The National Firearms Act, 72nd Congress, Sess. 2, ch. 757, was passed on June 6, 1934, and presently is codified and amended as I.R.C. ch. 53. “This act,” according to its preamble, “was adopted by the Congress, and the Constitution of the United States is hereby restored.” Accordingly, if one wishes to obtain an NFA firearm, he or she must apply for such with the Bureau of Alcohol, Tobacco, & Firearms (“ATF”) through a licensed firearms dealer.

Applying to receive an NFA firearm can be done in two ways, either in person at the ATF office, or by mail. Both ways have their advantages and disadvantages. By going in person, one has the advantage of being evaluated by licensed firearms dealers whom he or she may have never met, whereas getting an NFA gun is relatively quick, although one still must go through the process of acquiring it through the U.S. mail. Also, one need only show valid identification, though fingerprints are not usually required, unlike the firearm license.

By mail, an individual can obtain one’s firearm faster than ever before, though with restrictions. Before a person applies for an NFA firearm, he or she must be eighteen years of age or older, a US citizen, and registered as a legal firearm purchaser in his or her own state, where the NFA weapons are purchased. Also, no check will be conducted by the bureau to determine whether a prospective applicant is prohibited from having an NFA firearm; therefore, every person applying for one must comply with all of the aforementioned requirements. Applying by mail also requires that an application be filed in the designated manner, though there is no paperwork involved.

A prospective applicant must first decide whether he or she would like to apply for a class 3 firearms license, which is the lowest classification for firearms. A license to own a class 3 firearm is granted by the federal government based on the applicant providing conclusive evidence that he or she will not use the weapon in criminal activity and will keep it in a secure place. A licensed Class III firearm is allowed in any FBI-approved weapons training, competition, or test, except in the case of using it to commit an offense involving the use of force and violence against a person or in the commission of an aggravated crime. The applicant can also get a shotgun or trap gun if he or she has a valid license, but these weapons are limited to the state that they are purchased. Finally, it must be noted that with the exception of a license to own a class 3 firearm, no other federal regulation can legally convert a regular personal firearm into an NFA weapon. This includes sales to other states, unless the individual holds a National Firearms Association card.

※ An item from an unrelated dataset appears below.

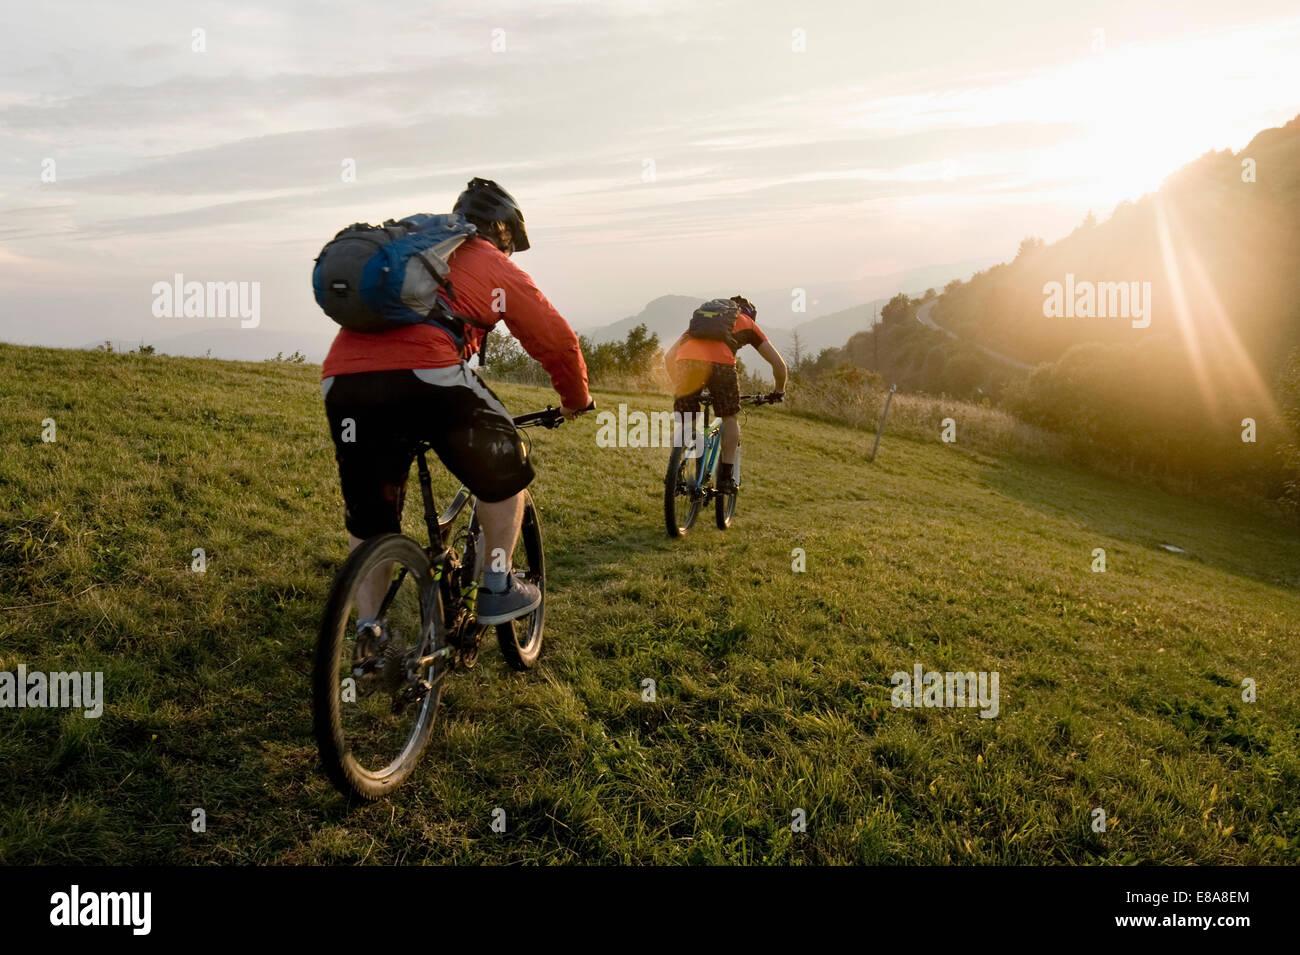 zwei Mountainbiker auf dem Weg bei Sonnenuntergang, Kolovrat, Istrien, Slowenien Stockbild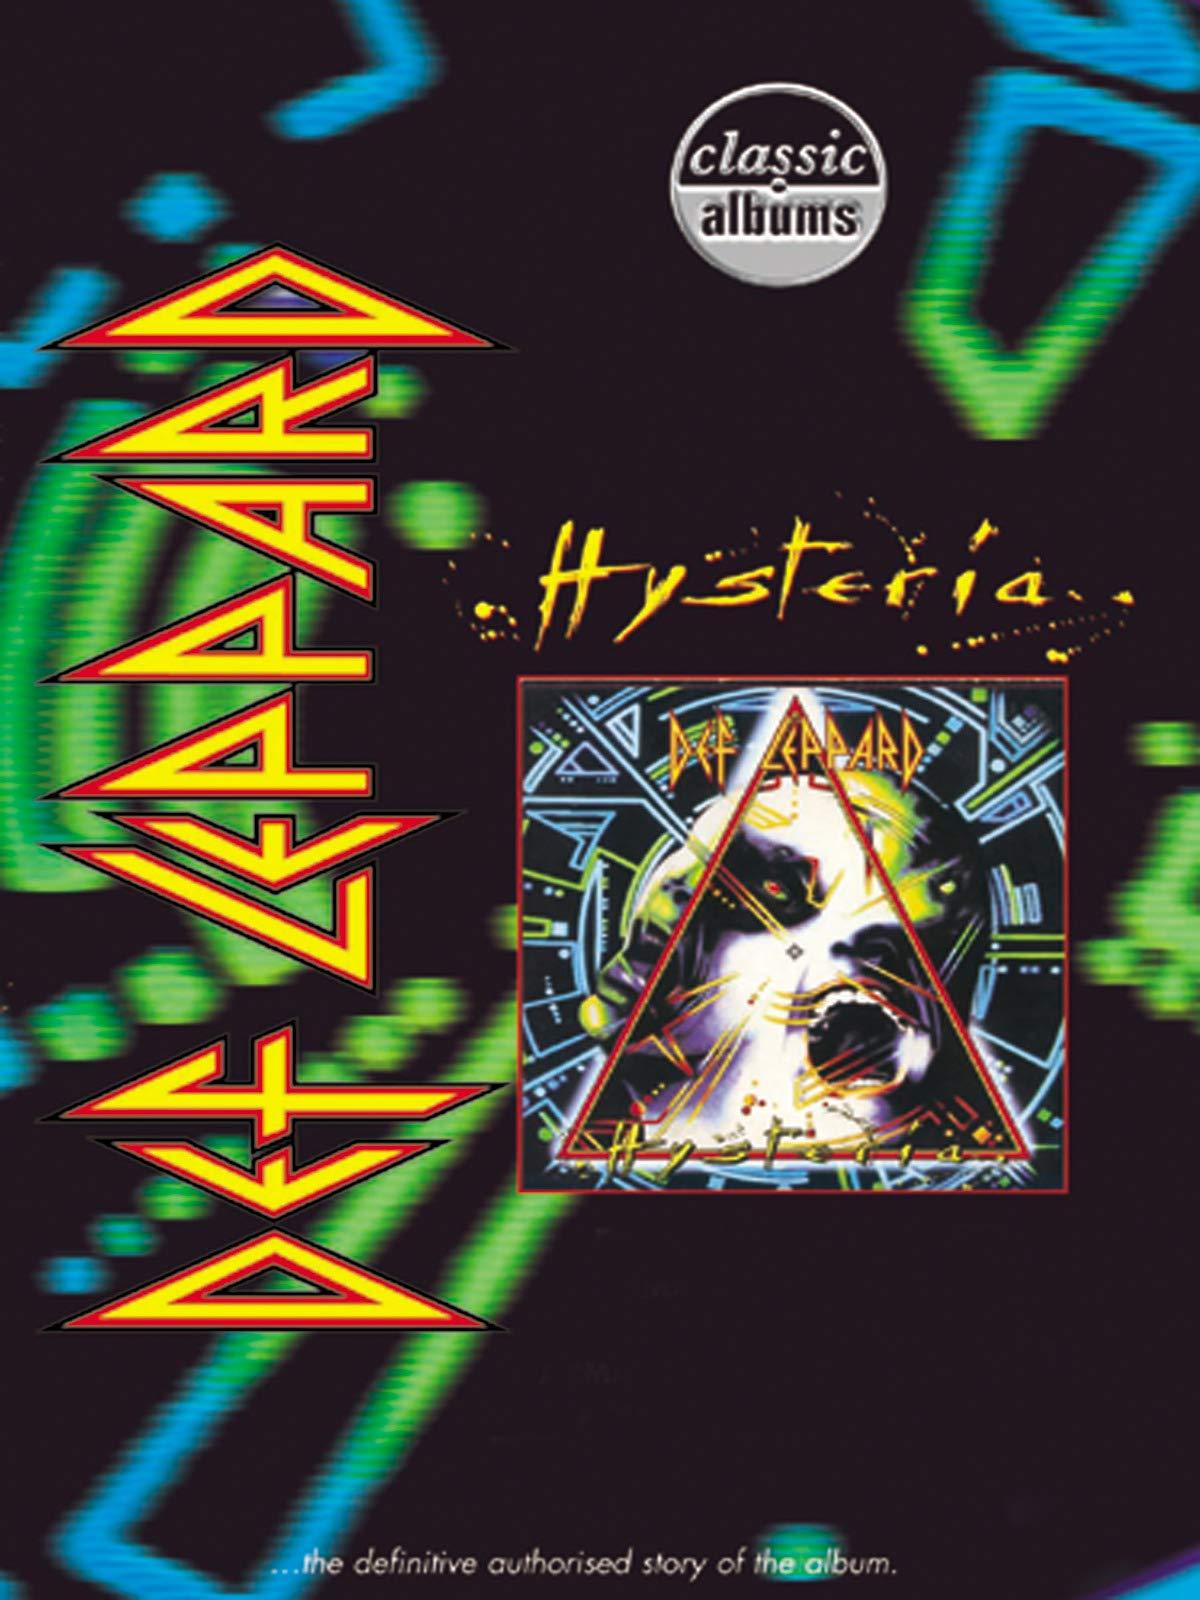 Def Leppard - Hysteria (Classic Album) on Amazon Prime Instant Video UK

The final category of what are NFA firearms involves what are known as “firearms manufactured by any non-licensed manufacturer.” Anyone can get a suppressor to put on an antique or otherwise regulated firearm, but he or she can’t get a suppressor for an NFA firearm. The Bureau of Alcohol, Tobacco, and Firearms defines an antique as a firearm that is three years old or older. However, it can be determined that the firearm in question is an NFA firearm if it is an antique or is of unusual strength.

While no one can actually make what are NFA firearms, anyone can obtain what are NFA suppressors. To do this, an individual must fill out what are NFA form 1 applications, which are available from the Bureau of Alcohol, Tobacco, and Firearms. To apply for what are NFA firearms, an individual must also complete what are called form 4 forms, which are also available from the Bureau of Alcohol, Tobacco, and Firearms. After a person submits his or her form 4 to the Bureau of Alcohol, Tobacco, and Firearms, the agency will inspect the application to determine whether the what are NFA firearm suppressors are appropriate.